In addition to the topography of the scaffold, its mechanical properties are also essential in supporting damaged muscle recovery. As demonstrated by several authors, hydrogel stiffness is essential to support myogenesis by preserving mechanotransduction and optimizing metabolites and waste diffusion, while its elasticity is essential in regulating muscle stem cell responses [169,172,173]. As electrical signals play an essential role in the development and functionality of excitable biological tissues, another key feature of muscle tissue is represented by its electroconductivity.
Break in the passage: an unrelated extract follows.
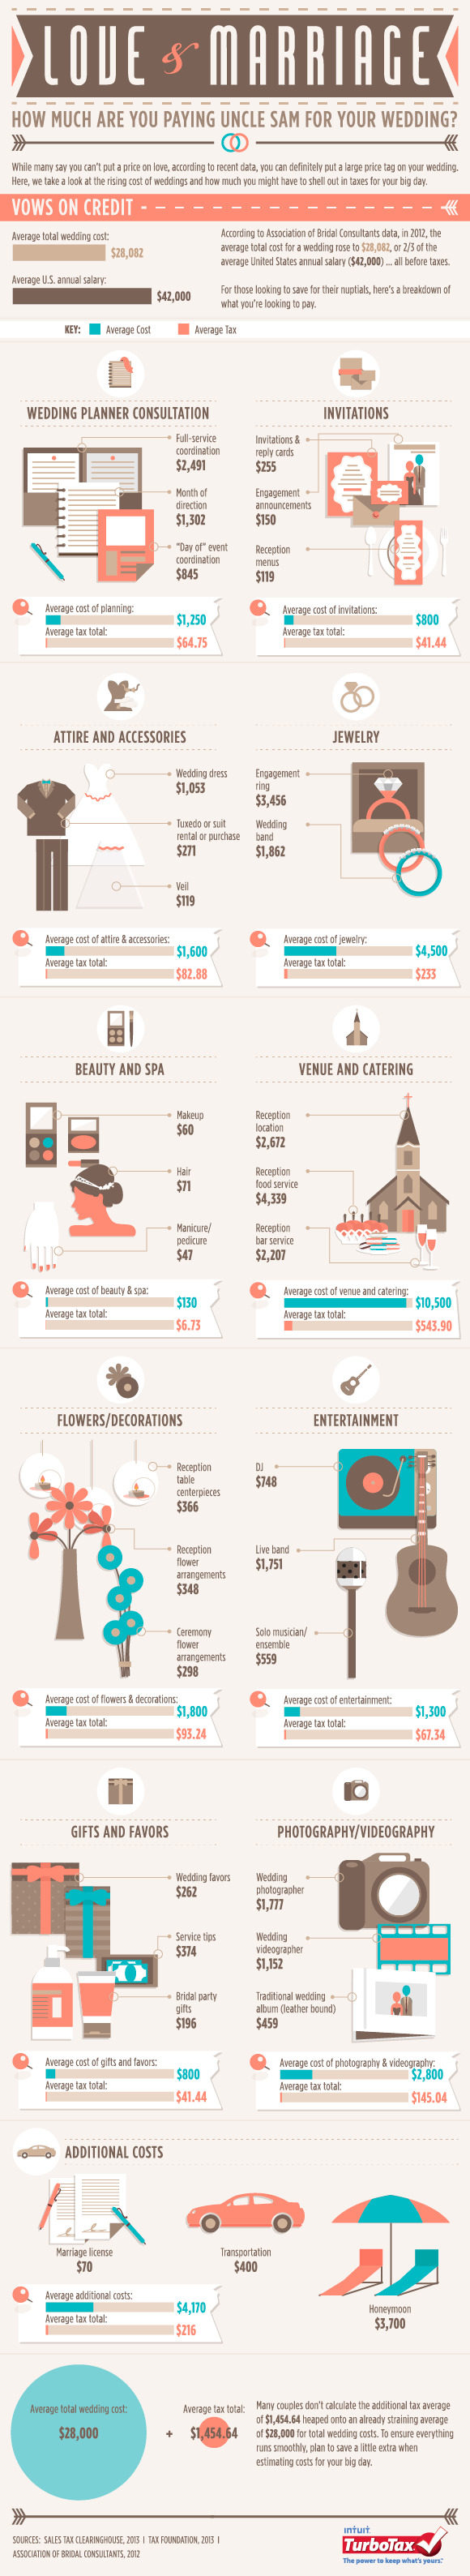 The Most Awesome Images On Internet Wedding BudgetingWedding

Several research groups have already developed hydrogels with tunable electrical properties able to improve muscle precursor cell spreading and differentiation [174,175,176]. However, despite the promising potential of electroconductive hydrogels, their long-term clinical and therapeutic applications have not been fully investigated.
Figure 4 summarizes the therapeutic potential of engineered hydrogels obtained through highly controlled polymerization conditions, allowing a specific micropatterned and electroconductive substrate production in sustaining skeletal muscle regeneration.
In summary, biomaterials intended for the support of skeletal muscle regeneration need to mimic the spatial organization of the native tissue, requiring ordered fiber deposition in order to guide myoblast alignment and maturation. Recent advancements in fabrication techniques have also allowed researchers working in the skeletal muscle regeneration field to address this crucial challenge, thus fostering the development of new scaffolds with a complex hierarchical organization able to support myoblast differentiation towards a striated phenotype [139].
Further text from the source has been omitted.